生成AIの成果物に「何があって,何がないのか」:四つの機序と意味点検としての自己再構成

 生成AIの「成果物」に何があって,何がないのか?

生成AIには計算的機序,機能的機序はあるが,意味的機序が不十分である.根拠提示ではその代替は十分にできない.したがって,人の役割は,意味的機序の部分を担う意味構成である.

本稿では,生成AIが生成する成果物(質問応答,説明文,要約,解法手順,設計案など)をめぐる議論が混線しやすい点を整理するために,生成AIのふるまいを支える「機序」を四つに区別する.第一に計算的機序とは,入力から出力が得られるまでにモデルがどのような演算を行っているか,すなわち部品(層・注意・重み)と手順(計算グラフ)に基づく生成過程の透明性である.第二に機能的機序とは,なぜそれらしい応答が得られるのかを,入出力の法則性として説明する水準であり,プロンプトやコンテクストの与え方によって応答が体系的に変化すること(例示に倣う,制約に従う等)を含む.これら二つの水準では,生成AIの「生成の仕方」および「条件に応じたふるまい」を相当程度語ることができる.

一方で第三の意味的機序は別の問いに関わる.意味的機序とは,出力が「正しいと言える条件」—根拠の真正性,推論の妥当性,適用範囲の限定,例外・反例への耐性,矛盾検出と修正—がどこでどのように担保されるかという妥当性保証の過程である.生成AIは流暢で整合的な成果物を生成できるが,少なくともLLM単体では,これらの妥当性保証が常に内部過程として組み込まれているとは限らず,意味的機序の内在化は弱いと言える(=妥当性保証が外部化されやすい).このため,成果物の完成度や整い具合が,そのまま理解や妥当性を保証するとは限らない.

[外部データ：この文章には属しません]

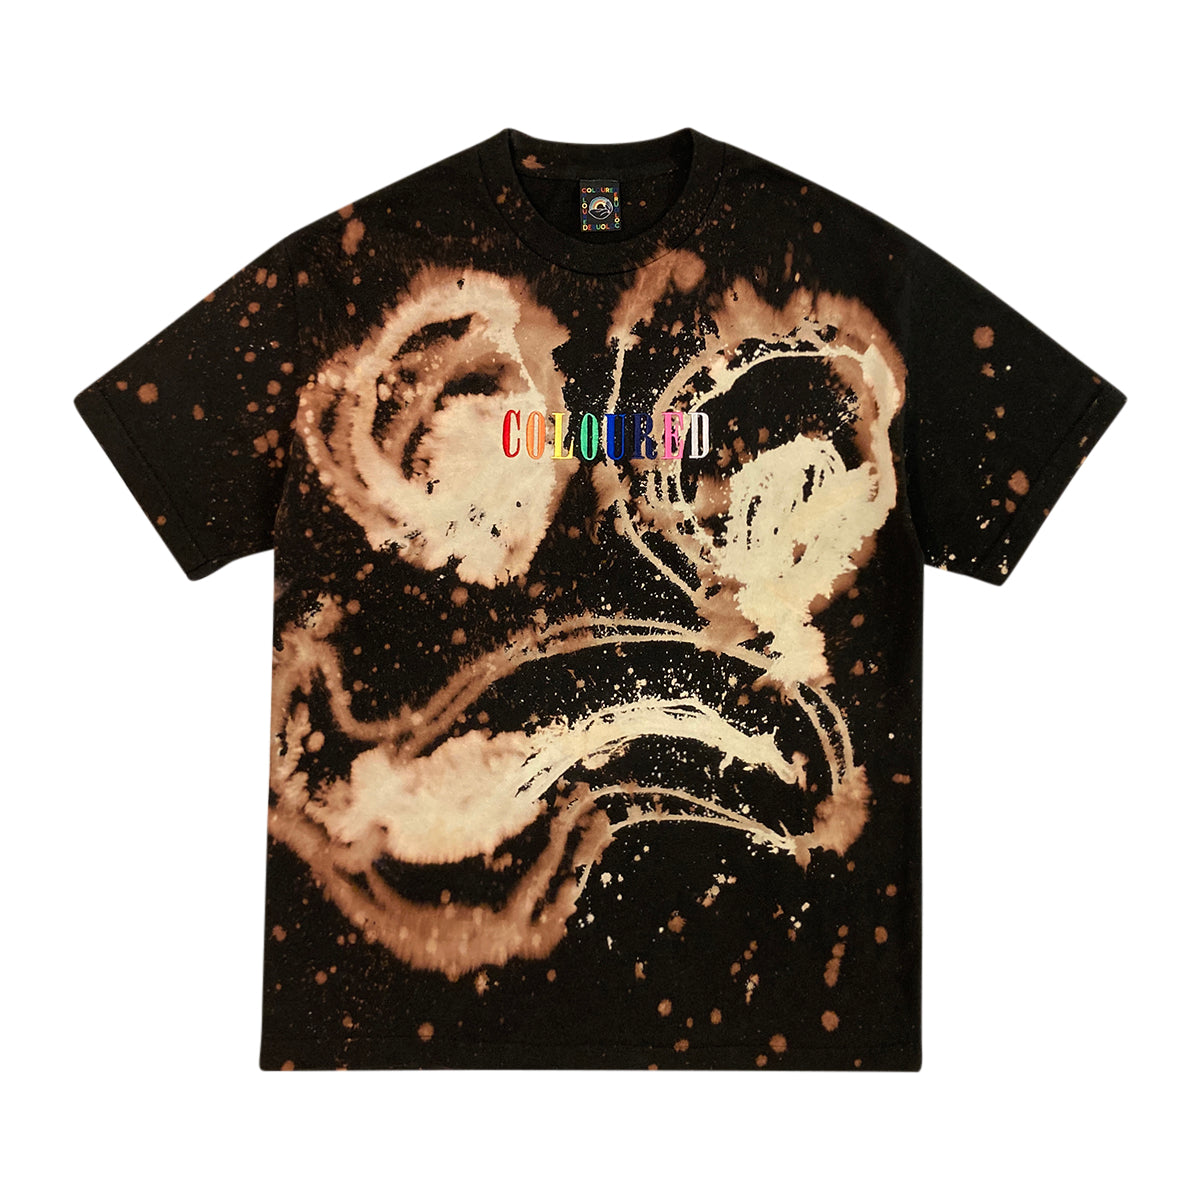 An image of a black t-shirt with a face in beige and "COLOURED" embroidered in rainbow colors.
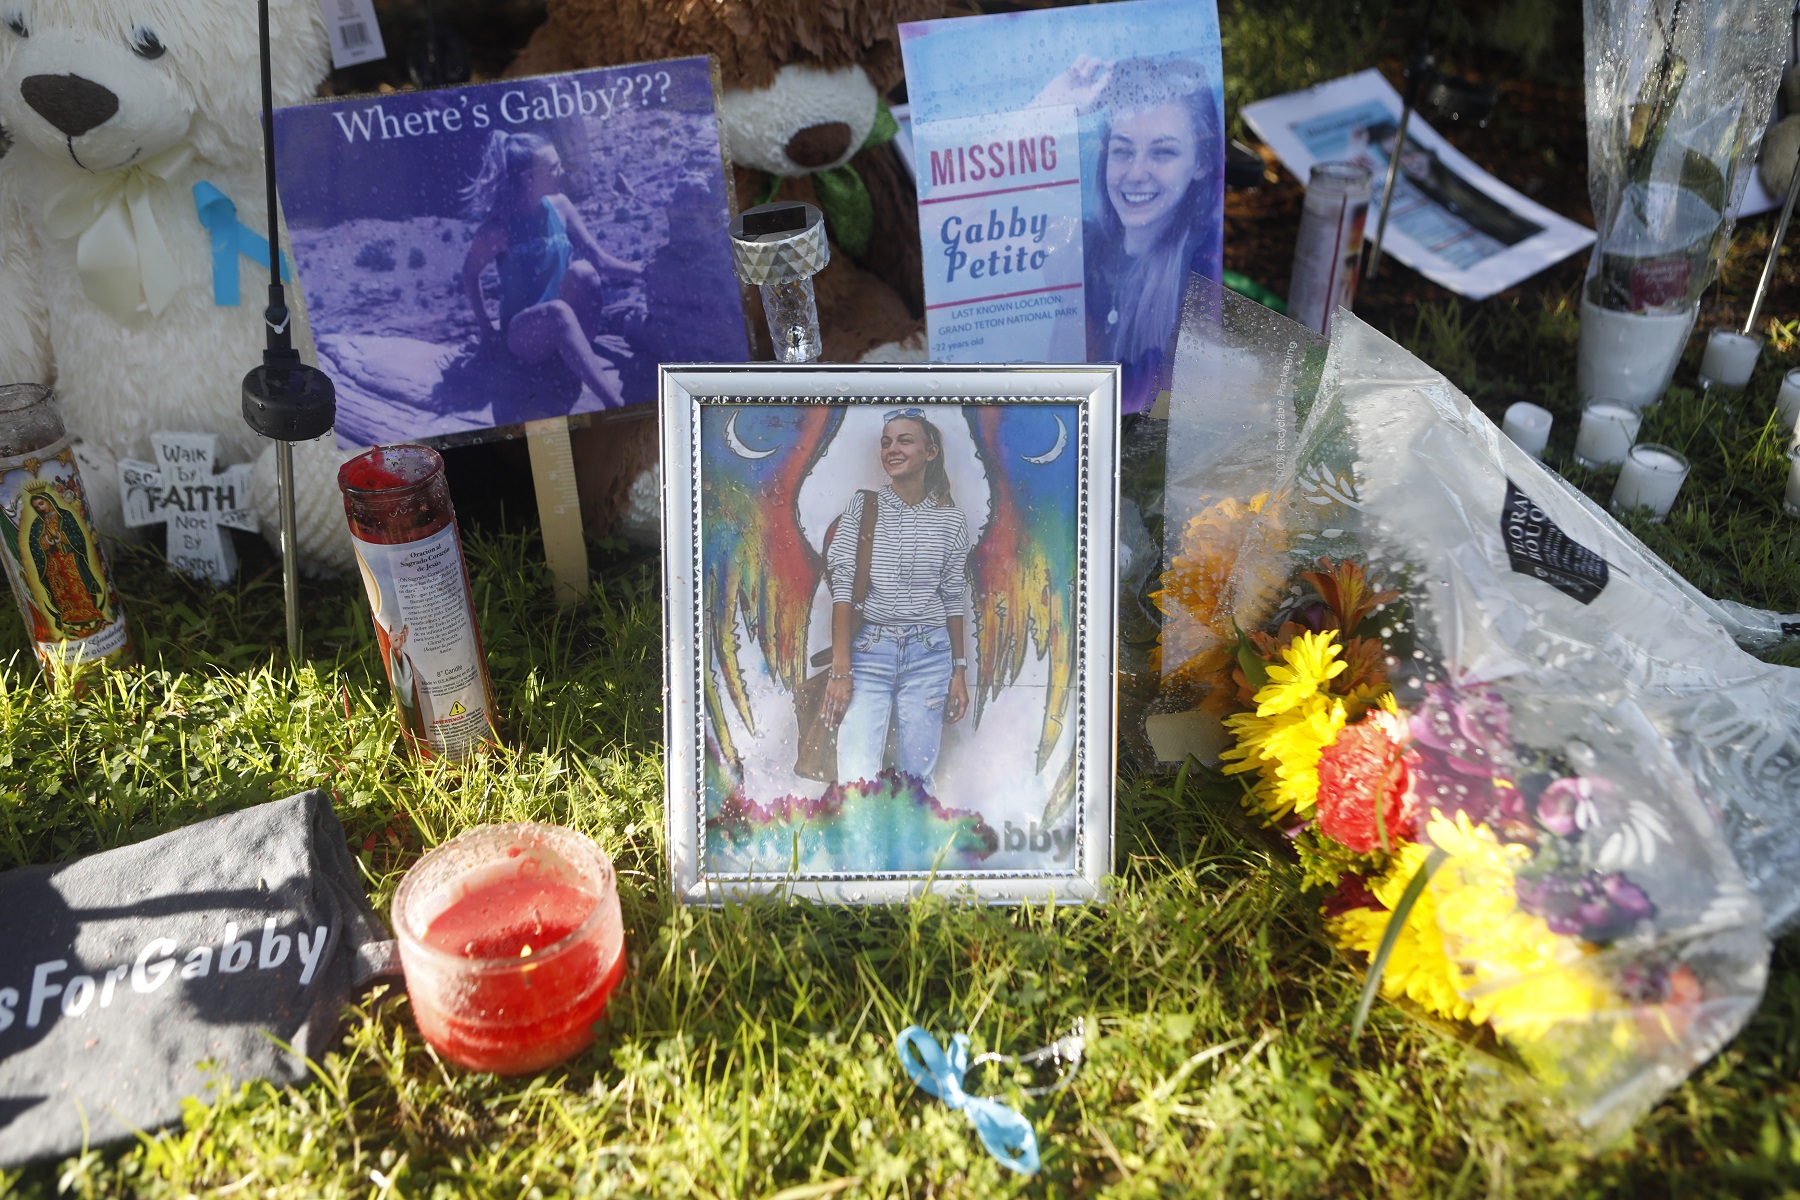 a memorial for Gabby Petito is seen outside of City Hall in North Port, Florida on Sept. 20

第四の根拠的機序は,出力に対して説明・根拠・参照をどのように提示するかに関わる.生成AIは「理由」や「根拠らしい説明文」を生成できるが,その説明が実際の内部因果過程に忠実である保証(faithfulness)が強いとは限らない.また,根拠が提示されたとしても,それが検証可能な参照(どの資料のどこか)として固定され,第三者が照合できる形になっていなければ,根拠提示は意味的機序(妥当性保証)の代替にはならない.したがって,根拠提示は意味的機序を補助し得るが,それだけで妥当性保証が成立するわけではない,という区別が重要となる.

以上を踏まえると,生成AIが得意とするのは「成果物の生成(計算・機能)」であり,教育的に中心に据えるべきは,成果物を妥当化し,必要に応じて修正する「意味構成(意味点検)」であることが見えてくる.ここで意味点検とは,外在化された各命題(概念間関係)について,(i) 根拠の所在を確認し,(ii) 例外・反例条件を検討し,(iii) 適用範囲を限定し,(iv) 不整合があれば関係づけを修正する一連の過程を指す.生成AI時代においては,この意味点検を学習者が担うように課題を設計し,成果物中心の評価を相対化する必要がある.

この意味点検を具体的な学習活動として実装する方法の一つが,自己再構成(再構成法)である.再構成法では,学習者(あるいは生成AI)が生成した説明を概念マップとして外在化し,それを部品化したうえで,学習者に再統合させる.自己再構成が意味点検として機能する機序は,主に次の三点に整理できる.第一に,部品からの再統合は「どの概念間にどの関係を成立させるか」を再決定させ,曖昧なリンク語に隠れた飛躍や誤接続を命題単位で露呈させる.第二に,部品の過不足や行き詰まりは欠落・混同・過剰一般化の手がかりとなり,ズレを起点とした自己モニタリングと修正を促す.第三に,部品化された表現への表現変換を伴う再統合は,命題の適用条件や関係の射程を捉え直す契機となり,点検対象を「関係が成り立つ理由」へと移す.ただし再構成は,設計によっては形だけを一致させる“適合的パズル”になり得るため,差分の同定,根拠の明示,反例・例外条件の検討,適用範囲の限定を併置して,点検が確実に生起する課題構造として整える必要がある.

このように,本稿の立場は,生成AIの成果物生成能力(計算的・機能的機序)を前提としつつ,妥当性保証(意味的機序)を学習者側で外部化し,意味点検として担わせるところに教育的な中核を置くものである.